*TASK BRIEF:* Please copy exactly the line that contains "Fibre de verre" and every line after it through the end of the records, leaving the pictures out.

*RECORD EXTRACTS:*
===

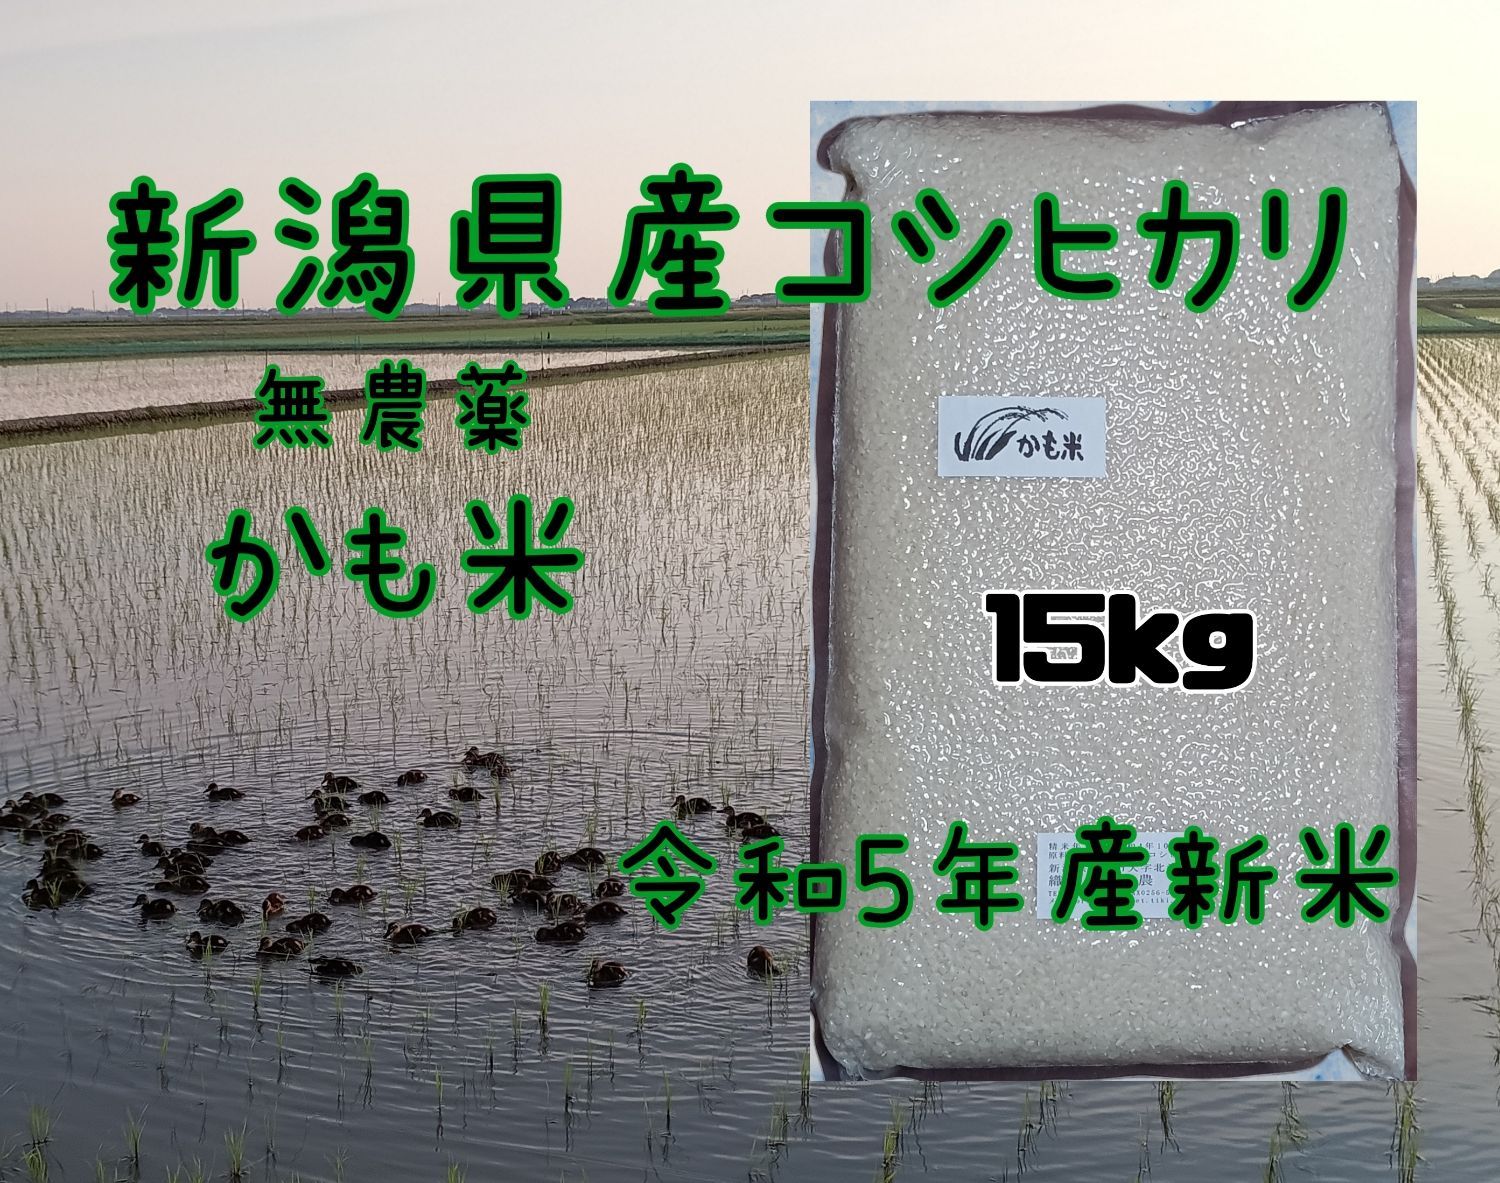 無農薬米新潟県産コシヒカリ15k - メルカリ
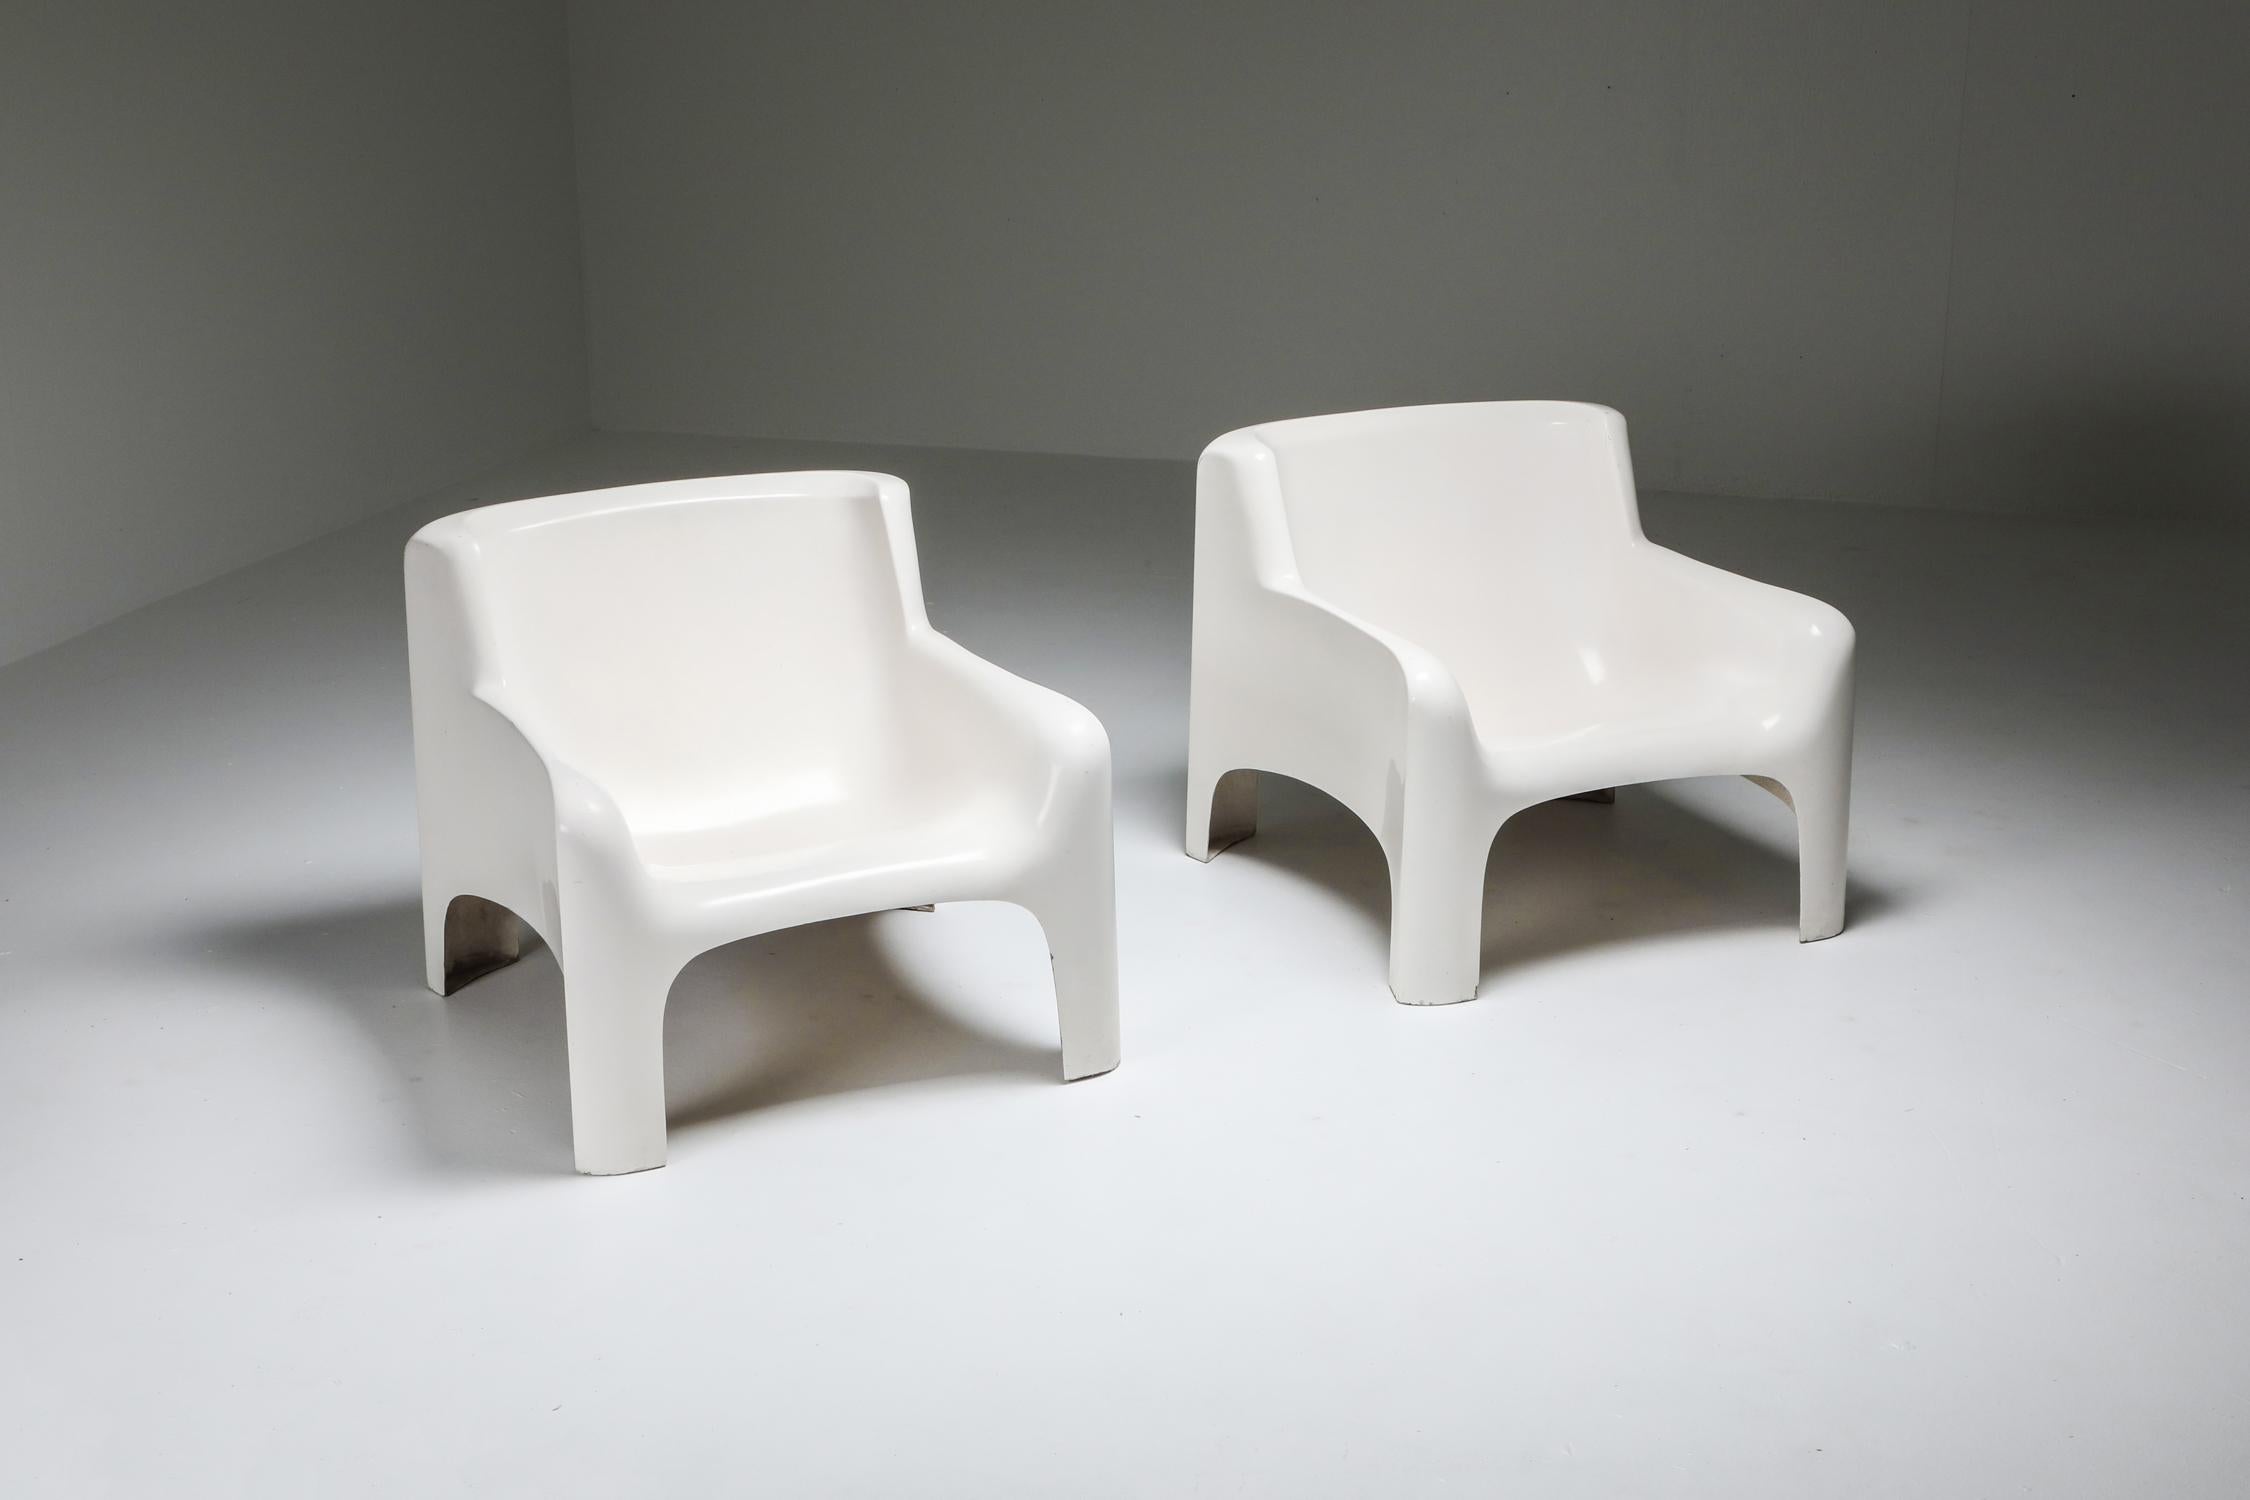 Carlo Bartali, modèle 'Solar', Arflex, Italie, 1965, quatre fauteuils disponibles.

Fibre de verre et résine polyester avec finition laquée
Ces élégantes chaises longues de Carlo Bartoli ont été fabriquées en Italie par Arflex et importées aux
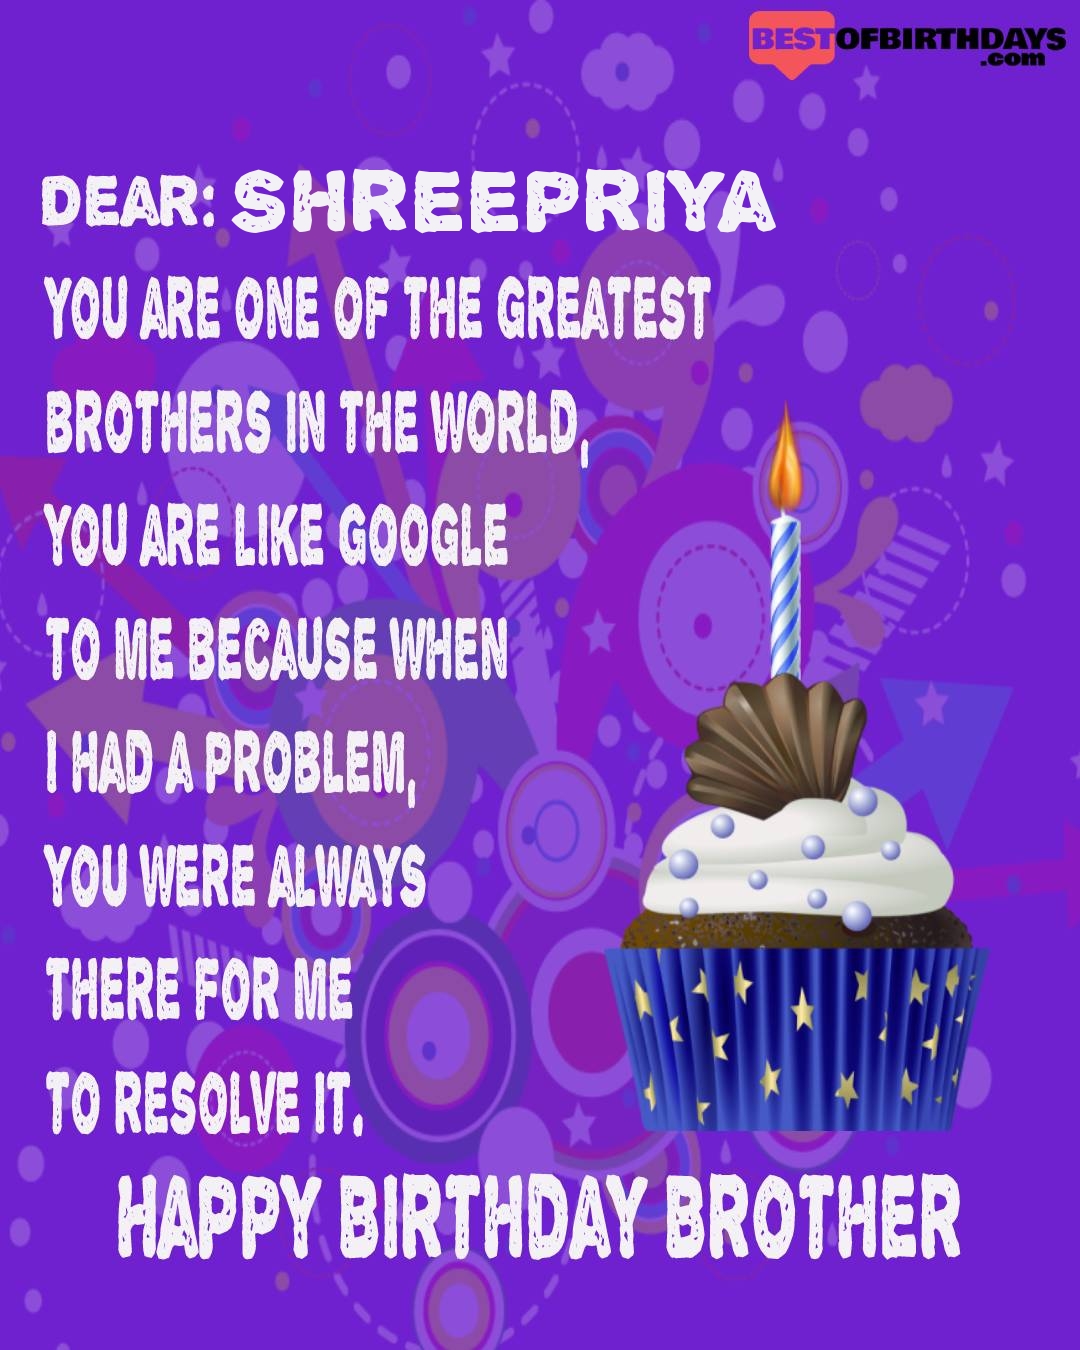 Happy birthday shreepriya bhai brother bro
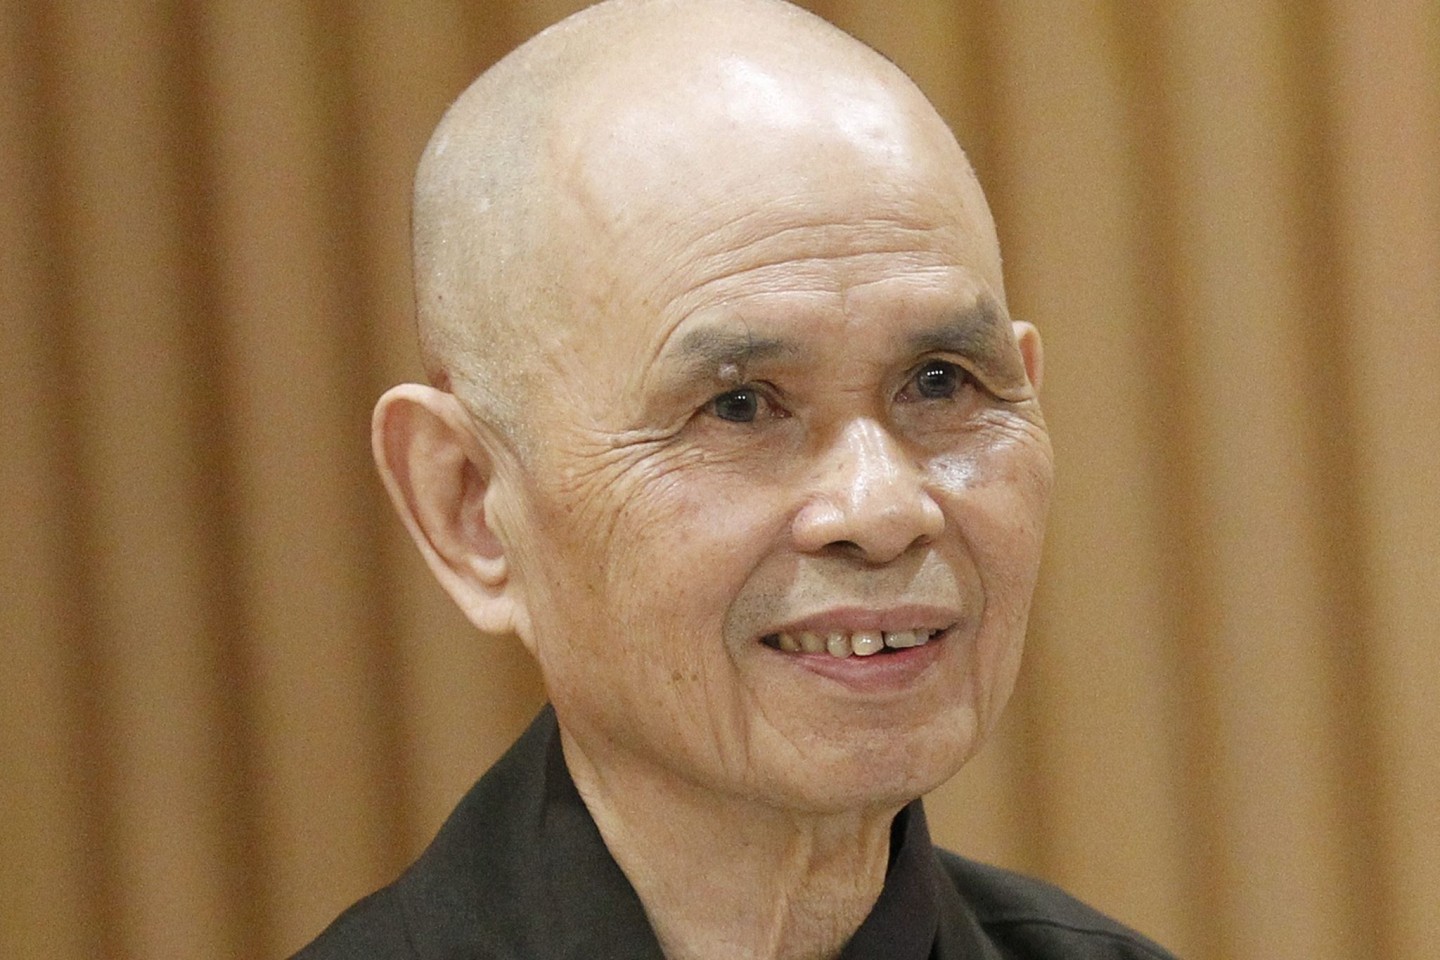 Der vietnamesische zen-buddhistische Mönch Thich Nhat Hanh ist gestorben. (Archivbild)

===

*WRITTEN REPLY:*
Fibre de verre et résine polyester avec finition laquée
Ces élégantes chaises longues de Carlo Bartoli ont été fabriquées en Italie par Arflex et importées aux
 Happy birthday shreepriya bhai brother bro
 Der vietnamesische zen-buddhistische Mönch Thich Nhat Hanh ist gestorben. (Archivbild)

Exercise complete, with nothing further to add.